Melt Viscosity at the Glass Transition During Volcanic Processes: Predictions From Calorimetric Studies

The viscosity of volcanic melts at the glass transition has been determined for 11 compositions ranging from basanite to rhyolite. The temperature-dependence of viscosity, together with the cooling rate dependence of the glass transition, permits the calibration of the value of the viscosity at the glass transition at a given cooling rate for each melt. We have applied micropenetration techniques to determine viscosities of supercooled melts. In addition, glass transition temperatures have been obtained by rate heating glass samples to supercooled liquid conditions using differential scanning calorimetry. The activation energies obtained from calorimetry and viscometry are identical for each melt composition investigated. This confirms that a simple shift factor can be used for each in order to determine the viscosity at the glass transition for a given cooling rate in nature.

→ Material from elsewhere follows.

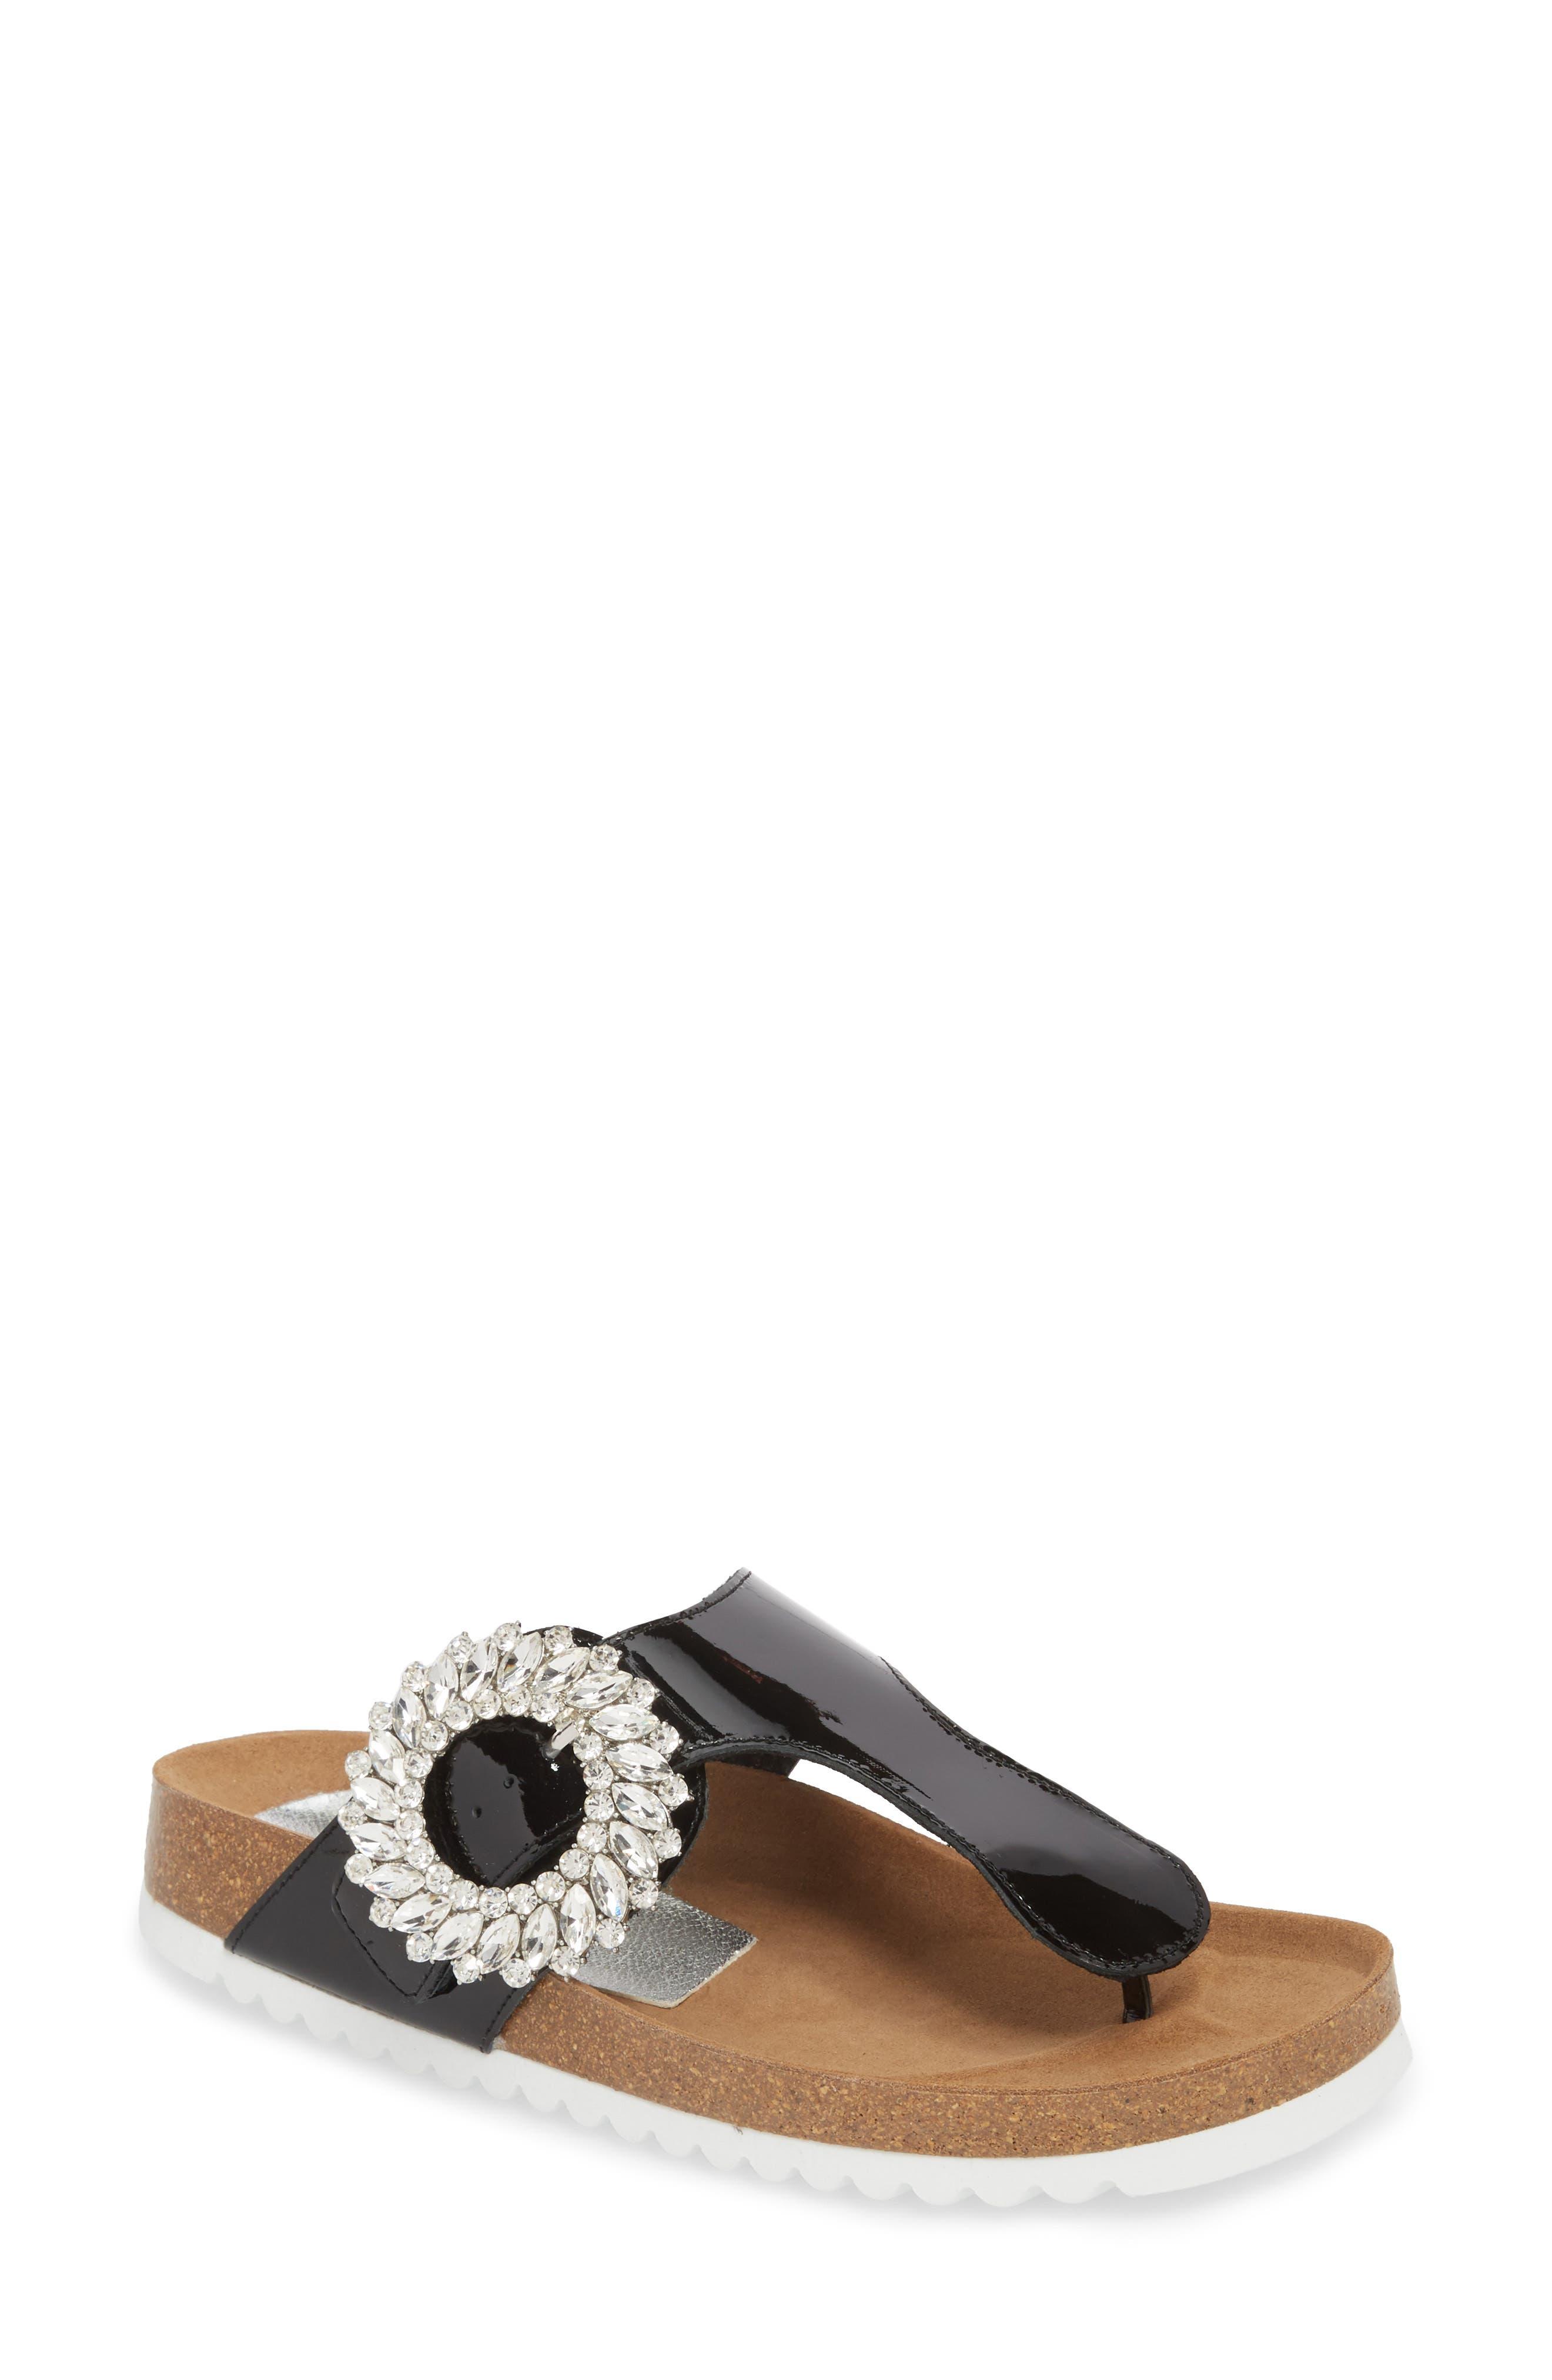 Madeira Embellished T-Strap Sandal,                         Main,                         color, Black Patent/ Black Silver

The results of this study indicate that there is a subtle but significant compositional dependence of the shift factor by a factor of 10 (in log terms) from 10.8 for rhyolites to 9.6 for basanites. The composition-dependence of the shift factor is presented here in terms of a compositional parameter, the mol% of excess oxides. Using this parameterisation, we obtain a non-linear dependence of the shift factor upon composition that matches all 11 observed values within error. The resulting model permits the prediction of viscosity at the glass transition, during the cooling of glassy volcanic rocks to within 0.1 log units. The resultant shear viscosities vary over five orders of magnitude for published cooling rates in the literature between tens of Kelvins per second and few Kelvins per day across the glass transition.